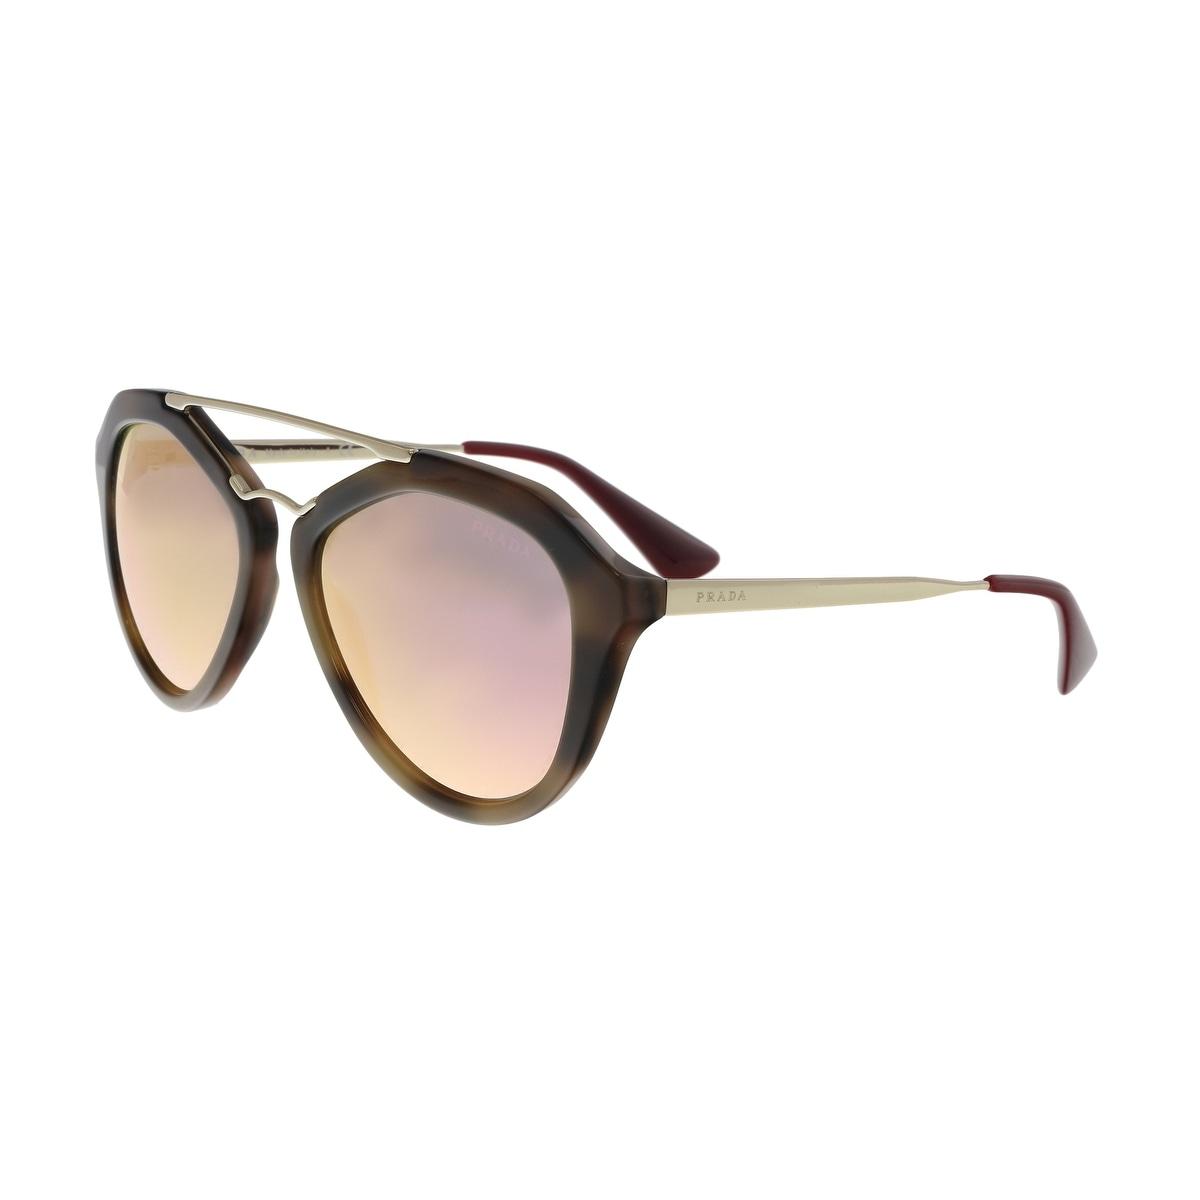 c0bd3489f27 Prada Sunglasses
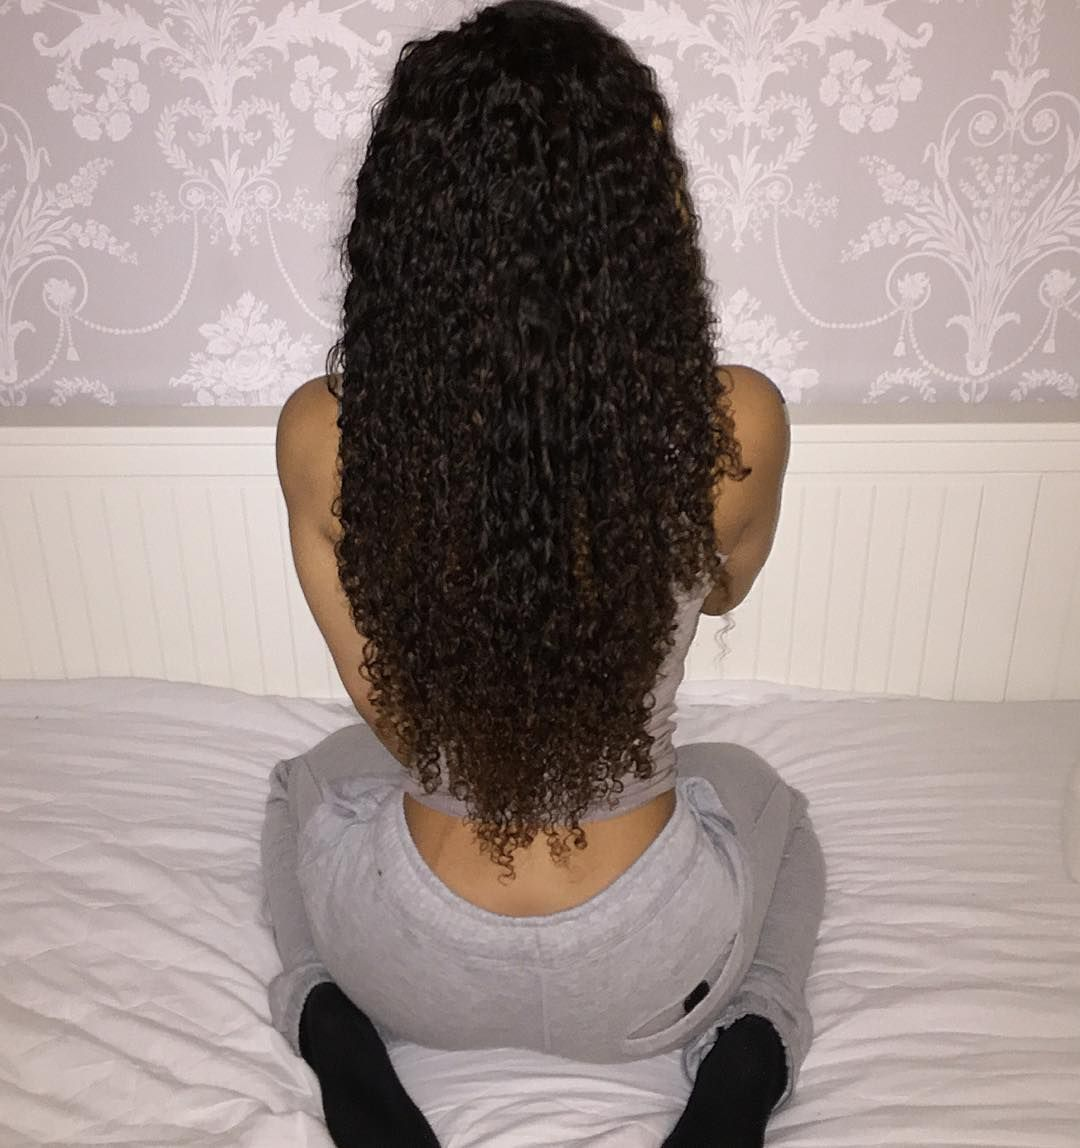 """@diamondvirginhair Got me feeling some typa way,loving my Brazillian Mink Curly hair!"""
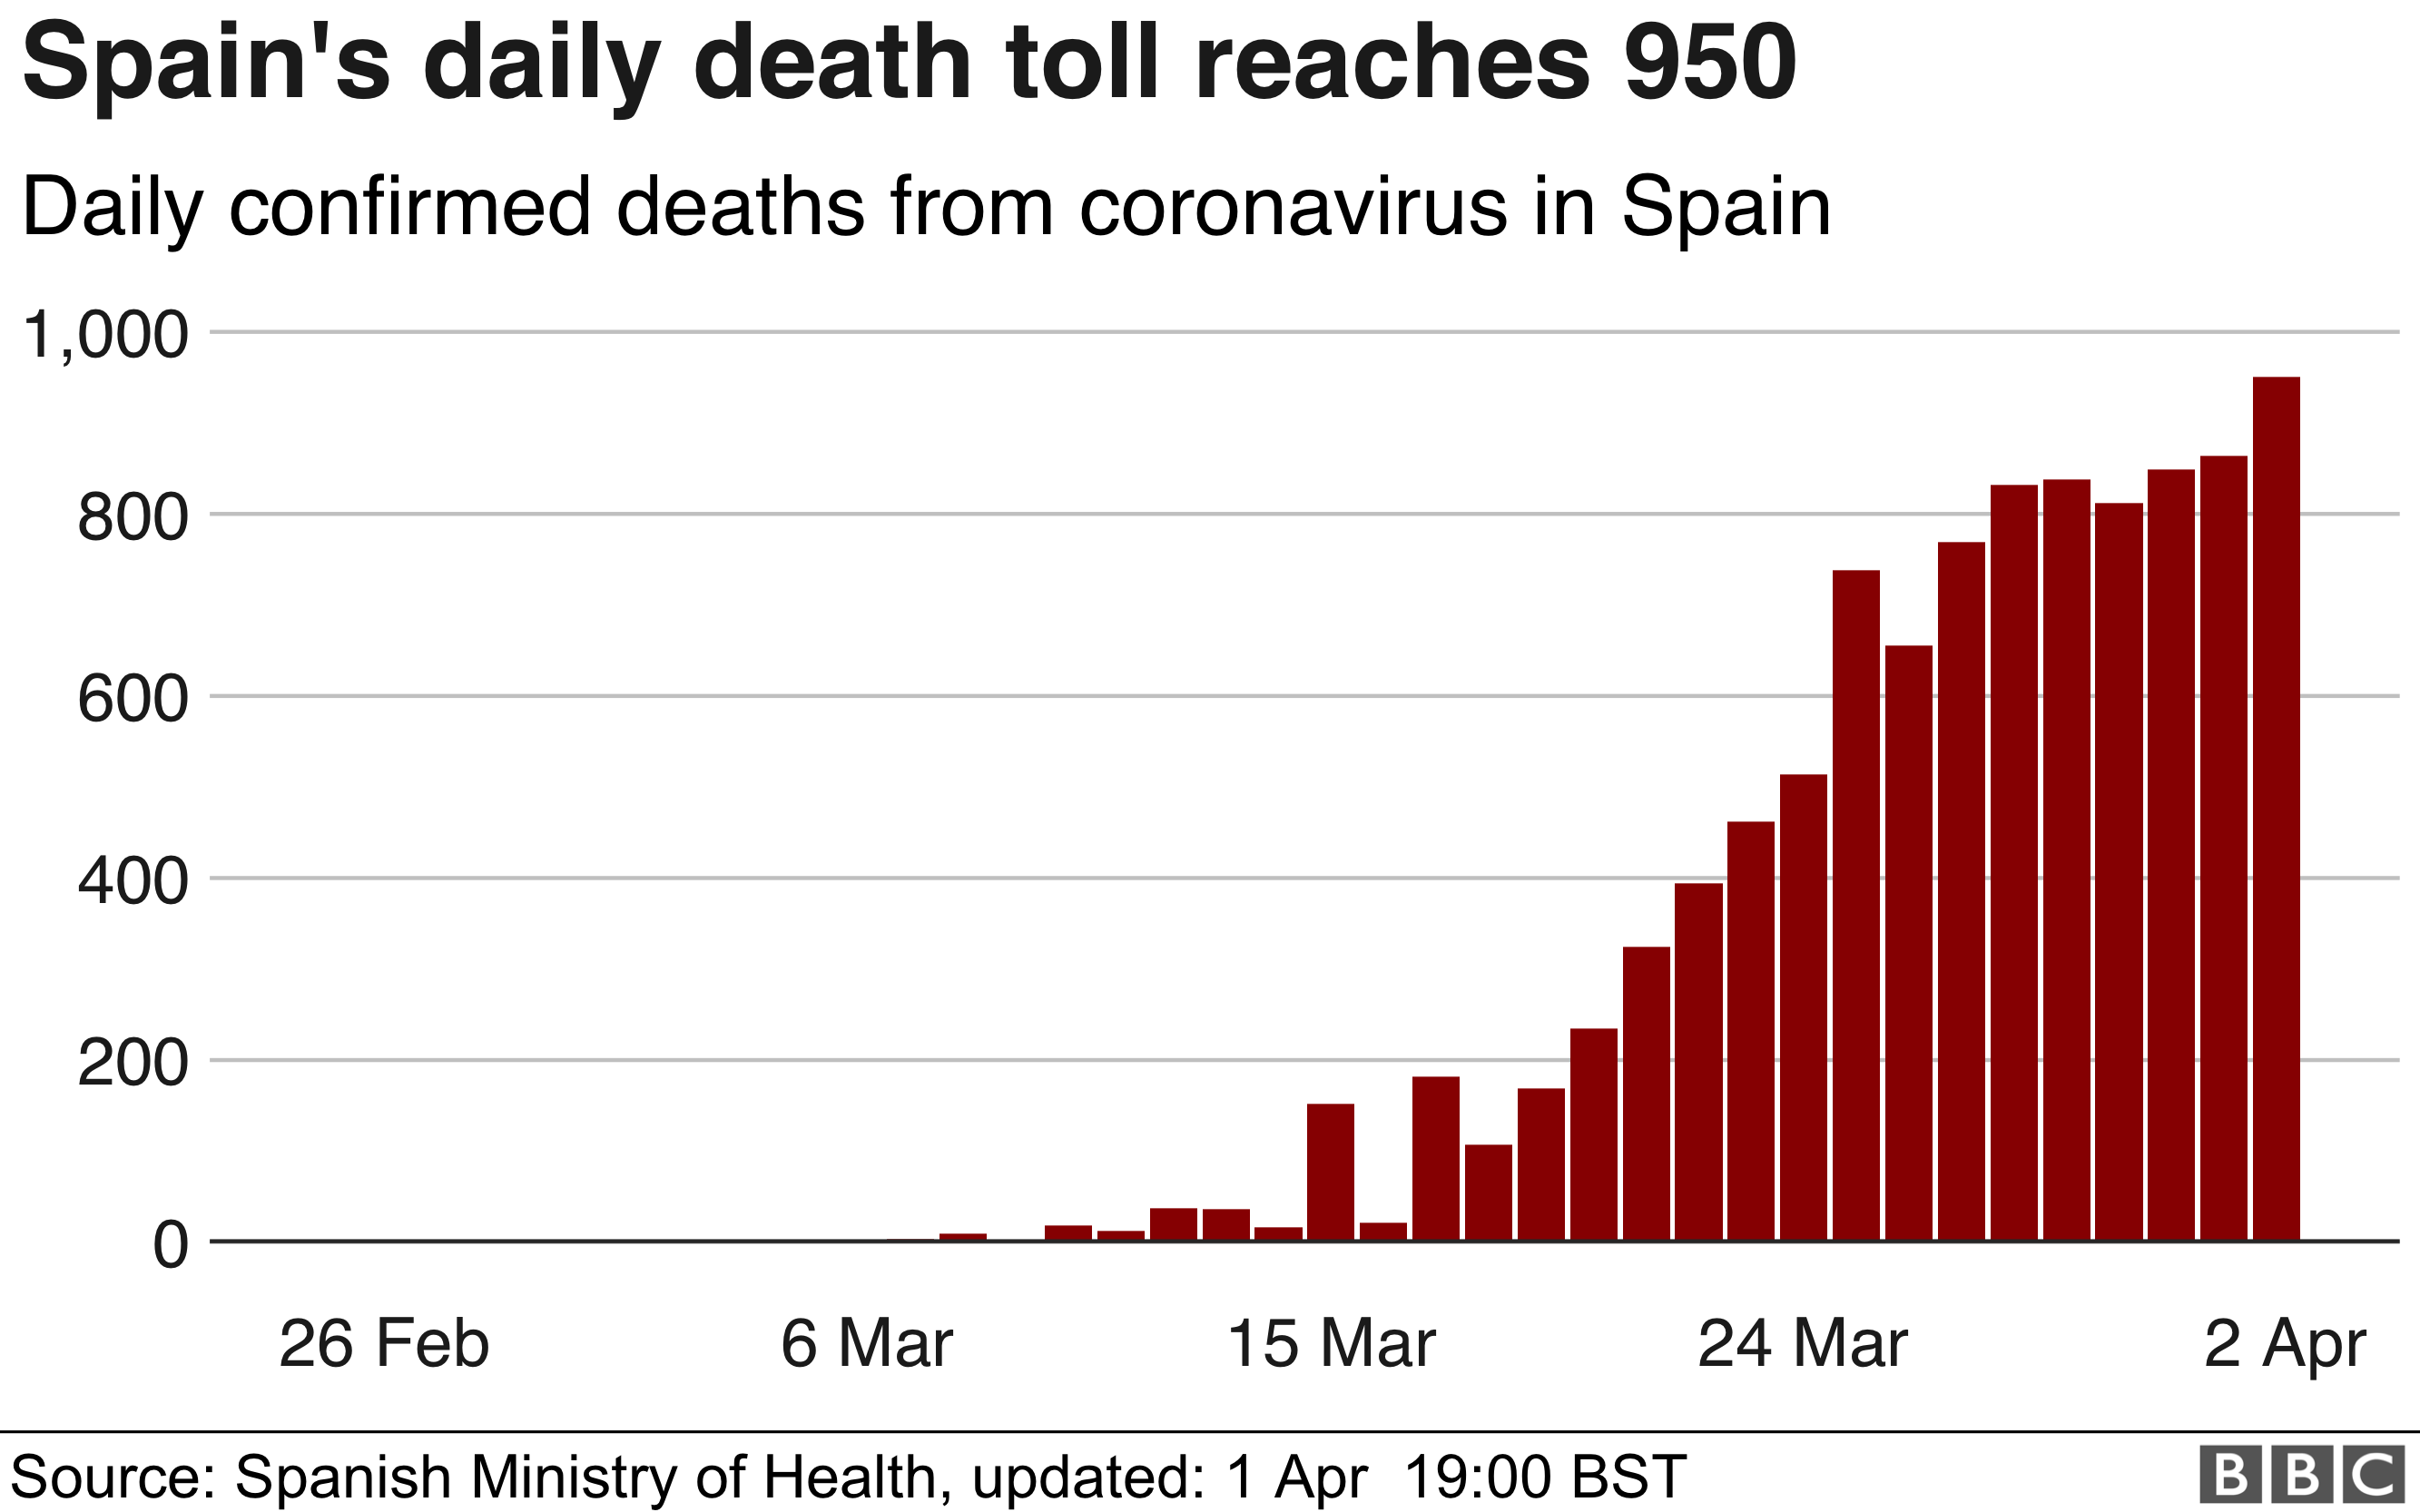 Chart showing Spain' daily coronavirus death toll

» Task goal:
Find the line containing "Got me feeling", then extract it and every line after it to the end of the data above, exactly and nothing else, without pictures.

» Answer for the task:
 """@diamondvirginhair Got me feeling some typa way,loving my Brazillian Mink Curly hair!"""
 Chart showing Spain' daily coronavirus death toll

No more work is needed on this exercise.